STORM Research team
A successful approach to deal with the complexity of modern architectures is centered around the use of runtime systems, to manage tasks dynamically, these runtime systems being either generic or specific to an application. Similarly, on the compiler side, optimizations and analyses are more aggressive in iterative compilation frameworks, fit for library generations, or DSL, in particular for linear algebra methods.
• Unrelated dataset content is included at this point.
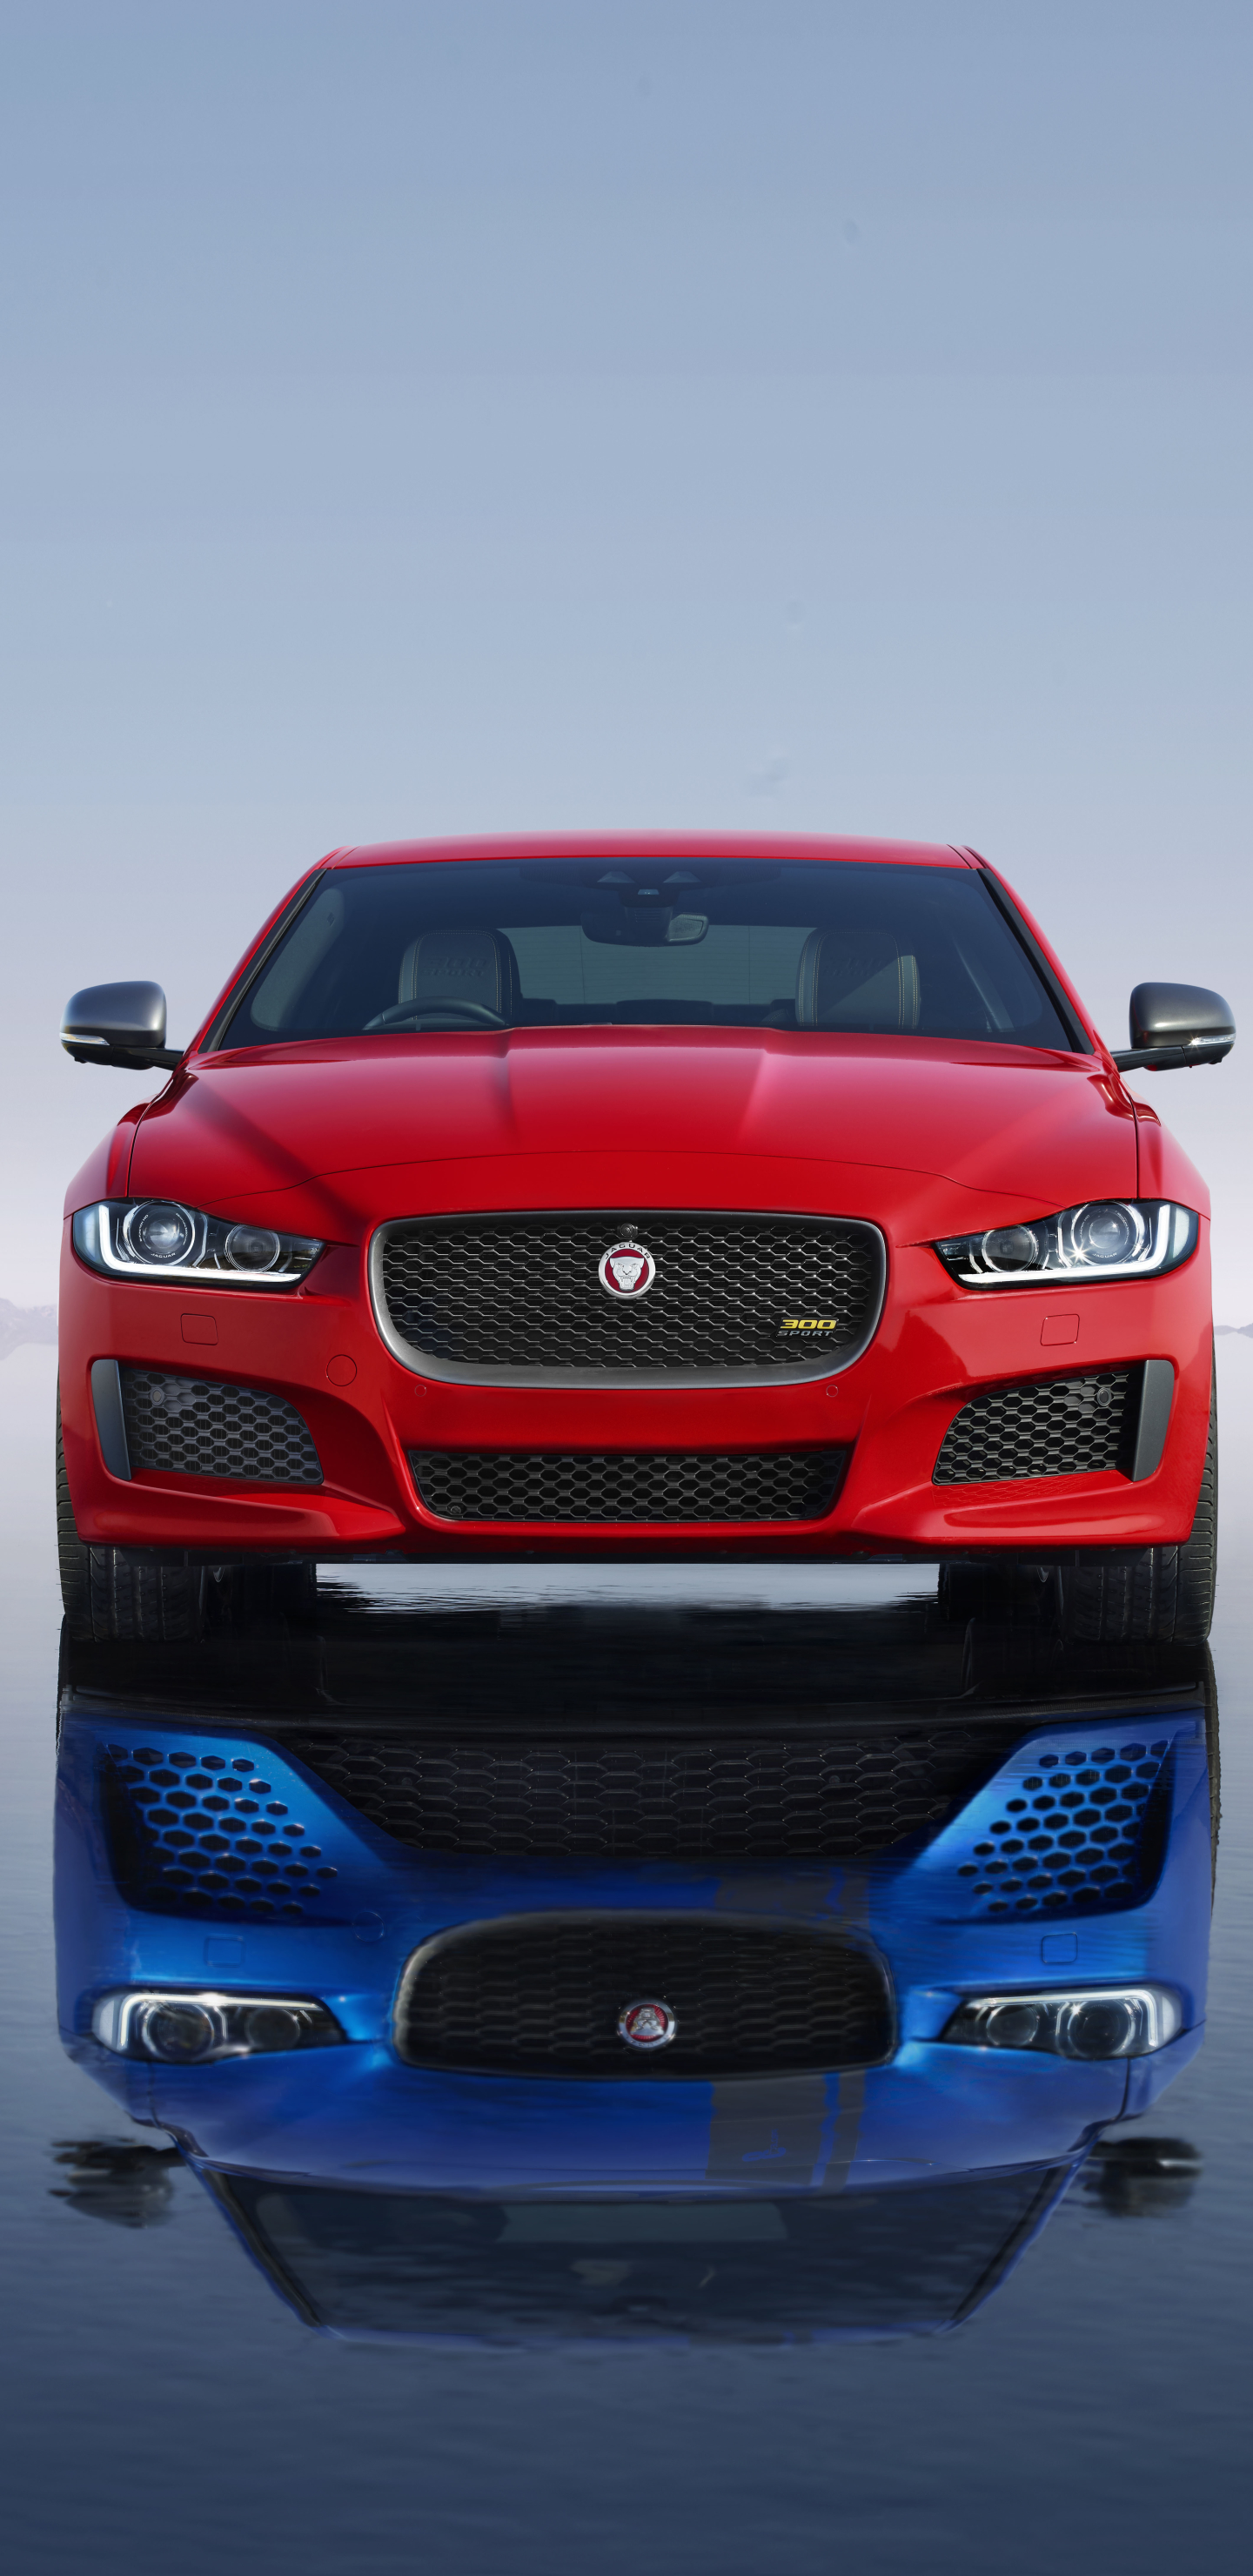 Free download wallpaper Jaguar, Reflection, Car, Jaguar Xe, Vehicle, Vehicles, Jaguar Cars on your PC desktop

To go beyond this state of the art and alleviate the difficulties for programming these machines, we believe it is necessary to provide inputs with richer semantics to runtime and compiler alike, and in particular by combining both approaches.
This general objective is declined into two sub-objectives, the first concerning the expression of parallelism itself, the second the optimization and adaptation of this parallelism by compilers and runtimes.
Expressing parallelism: As shown in the following figure, we propose to work on parallelism expression through Domain Specific Languages, able to capture the essence of the algorithms used through usual parallel languages such as OpenCL, OpenMP and through high performance libraries. The DSLs will be driven by applications, with the idea to capture at the algorithmic level the parallelism of the problem and perform dynamic data layout adaptation, parallel and algorithmic optimizations. The principle here is to capture a higher level of semantics, enabling users to express not only parallelism but also different algorithms.
Optimizing and adapting parallelism: The goal here is to leverage the necessary adaptation to evolving hardware, by providing mechanisms allowing users to run the same code on different architectures. This implies to adapt parallelism, in particular the granularity of the work, to the architecture. This relies on the use of existing parallel libraries and their composition, and more generally the separation of concern between the description of tasks, that represent semantic units of work, and the tasks to be executed by the different processing units. Splitting or coarsening moldable tasks, generating code for these tasks and scheduling them is part of this work.
Finally, the abstraction we advocate for requires to propose a feed back loop. This feed back has two objectives: To make users better understand their application and how to change the expression of parallelism if necessary, but also to propose an abstracted model for the machine. This allows to develop and formalize the compiling, scheduling techniques on a model, not too far from the real machine. Here, simulation techniques are a way to abstract the complexity of the architecture while preserving essential metrics.